Artykuły

Meloman Omanu

Każda polska instytucja kultury chętnie oddałaby się w ręce sułtana Omanu, który nie tylko kocha sztukę, ale łoży na nią dużo pieniędzy. Bardzo dużo. Ostatnio zaprosił do siebie całą Operę Narodową w Warszawie, bo miał taką ochotę - pisze Mike Urbaniak w reportażu dla e-teatru.

- Niech pan zobaczy, jak oni nas tu goszczą - mówi Waldemar Dąbrowski, dyrektor Teatru Wielkiego - Opery Narodowej w Warszawie, pochylając się nad talerzem owoców morza w restauracji Hotelu Intercontinental w Muskacie. - Wszyscy tu mamy najlepsze warunki, a koszt jest z pewnością sześciocyfrowy. I nie jest to koszt, trzeba dodać, w złotówkach. Do stolicy Omanu przyleciał cały zespół artystyczny Teatru Wielkiego i spora grupa obsługi technicznej. W sumie 300 osób.
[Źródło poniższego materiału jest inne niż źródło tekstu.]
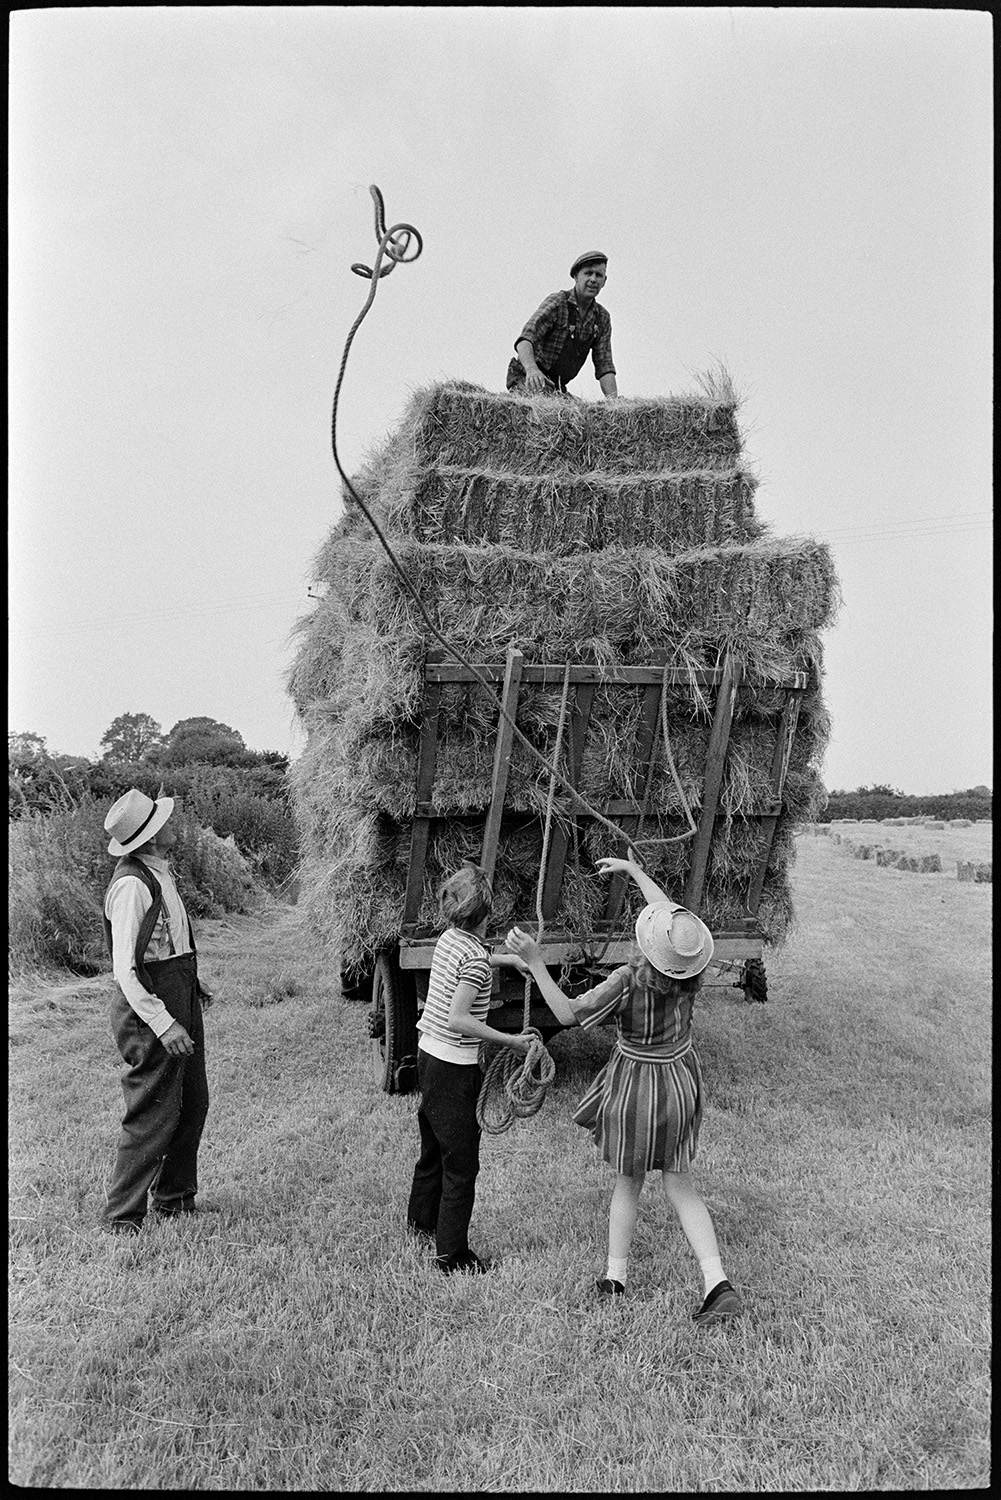 Family haymaking in field. 
[The Oke family securing a load of hay bales on a trailer with a rope in a field at Deckport, Hatherleigh. Miss Oke and Master Oke are throwing ropes up to their father, Mr Oke who is on the trailer.]

- Dokładnie 305 - poprawia wicedyrektor Grzegorz Chełmecki. Najważniejsza jest dokładność.

Aby zrozumieć ogrom przedsięwzięcia, jakim jest operowy wyjazd ze spektaklem, trzeba być z zespołem na lotnisku (scenografia w kilkunastu kontenerach popłynęła statkiem kilka tygodni wcześniej). Kolejka do odprawy nie ma końca, mnóstwo ludzi, bagażu, instrumentów. W końcu wypełnione są wszystkie miejsca w wielkim Airbusie A-300: na pokładzie są soliści, chór, orkiestra, Polski Balet Narodowy i statyści. Lot jest trochę opóźniony bo wesoła wycieczka musi pogadać, zamienić się miejscami - jeden chce przy oknie, drugi przy oknie nie może. Ktoś żartuje, że gdybybyśmy spadli, to polskie życie operowe by zniknęło (dowcip został uznany za zabawny). Wszyscy są podekscytowani, trochę jak dzieci na kolonijnym wyjeździe. Robią sobie zdjęcia, dyskutują w podgrupach, a czasami się dopiero poznają, bo trudno znać wszystkich w instytucji, która zatrudnia tysiąc osób. Lot był całkiem spokojny, wymiana praktycznych informacji o Omanie trwa dobrych kilka godzin. Można się opalać, nie można, kto ma olejek, z jakim filtrem, czy w ogóle będzie czas, czy można pojechać na targ i kto chce popłynąć oglądać delfiny. Kluczowe informacje dotyczyły garderoby: zakrywać ramiona, zakrywać kolana, mężczyźni też? Też. Szczególną uwagę zwracamy tancerzom - stało jak wół w informacji rozesłanej do wszystkich przed wyjazdem, bo ci jak zwykle chodzą roznegliżowani i kolan nie zakrywają, a omańska obyczajowość tego nie lubi, oj nie lubi. Po ponad pięciu godzinach lotu, jesteśmy na miejscu. Wychodzimy z lotniska i zderzamy się ze ścianą przeraźliwego gorąca. Próbują nas oczywiście zgarnąć taksówkarze, niestety grupa zorganizowana ma już gotowe podstawione autokary. Nici z zarobku.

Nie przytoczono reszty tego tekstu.